Dopo questa premessa qualcuno forse comincerà a chiedersi chi è e cosa c’entra questo “Rurik” ricordato dal titolo. In realtà sono poche le certezze legate a quel nome (che bisognerebbe scrivere più esattamente Rjurik), tanto che alcuni storici addirittura pensano sia stato solo un piccolo “nobilotto” vichingo senza grande importanza, chiamato dalle popolazioni slave dell’area di Kiev a loro protezione e che prese l’incarico così seriamente da diventare il Signore dei Rus’ di Kiev fin dal 850 dando poi origine ad una dinastia (Rjurikidi) che regnò su quei luoghi fino al 1240.

I componenti

I componenti

Unboxing

Due delle cose che ci hanno davvero sorpresi e che abbiamo apprezzato moltissimo quando abbiamo deciso di recensire Rurik: L’alba di Kiev sono stati i suoi componenti ed il suo “imballaggio”. Aprendo la scatola abbiamo trovato infatti tutto in ordine perfetto, grazie agli appositi divisori e ad alcuni contenitori termo formati di plastica nera: ognuno contiene una parte dei componenti e su alcuni sono stati addirittura creati dei disegni in rilievo per indicare “cosa” deve essere rimesso lì dentro a fine partita.

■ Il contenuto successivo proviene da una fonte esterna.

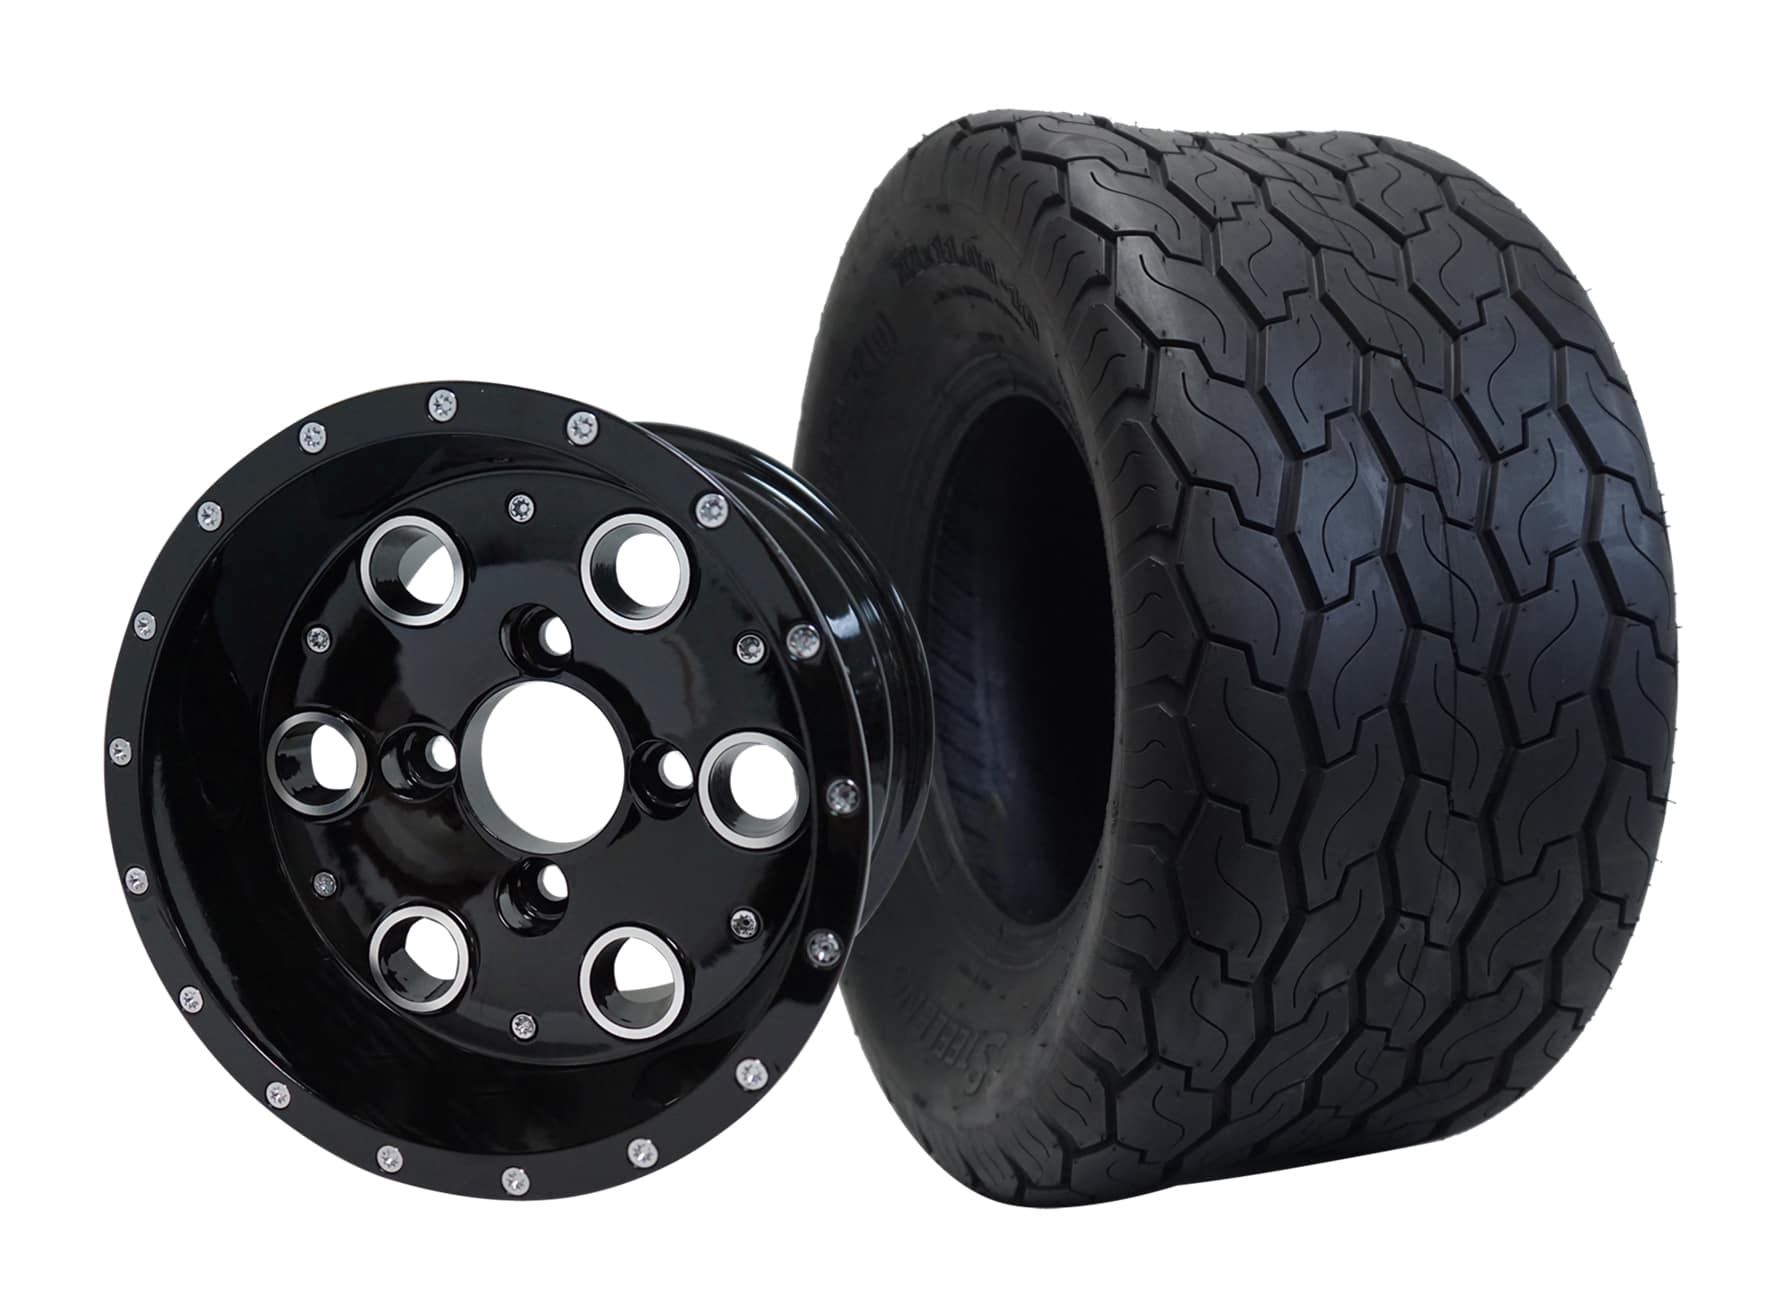 10" Pioneer Glossy Black Wheel Aluminum Alloy & 18"x9"-10" Gecko All Terrain Tire x4

Ogni giocatore ha a disposizione uno di questi contenitori, formato da due pezzi sovrapponibili ad incastro: in quello interno stanno edifici e consiglieri (realizzati in legno colorato, ognuno in un suo “loculo” ben preciso, numerato sul fondo) e nell’altro vanno pedine, tessere, ecc. Le carte da gioco trovano invece posto nel termo-formato di base in apposite vaschette: poi il tutto viene chiuso da un coperchio trasparente. Insomma, ragazzi, un vero spettacolo, assolutamente mai visto fino ad ora: ci auguriamo che serva da ispirazione per altre ditte.

I componenti sono tutti di ottima qualità, dal tabellone alle plance per le azioni, dai “Punti Vittoria” alle plance personali, alle splendide miniature dei “principi” (miniature di plastica grigia e di grande formato) e dei soldati al loro servizio (miniature più piccole di plastica in quattro colori), i diversi segnalini di legno, alcuni dei quali già dipinti o con i numeri stampati a caldo, le carte, ecc.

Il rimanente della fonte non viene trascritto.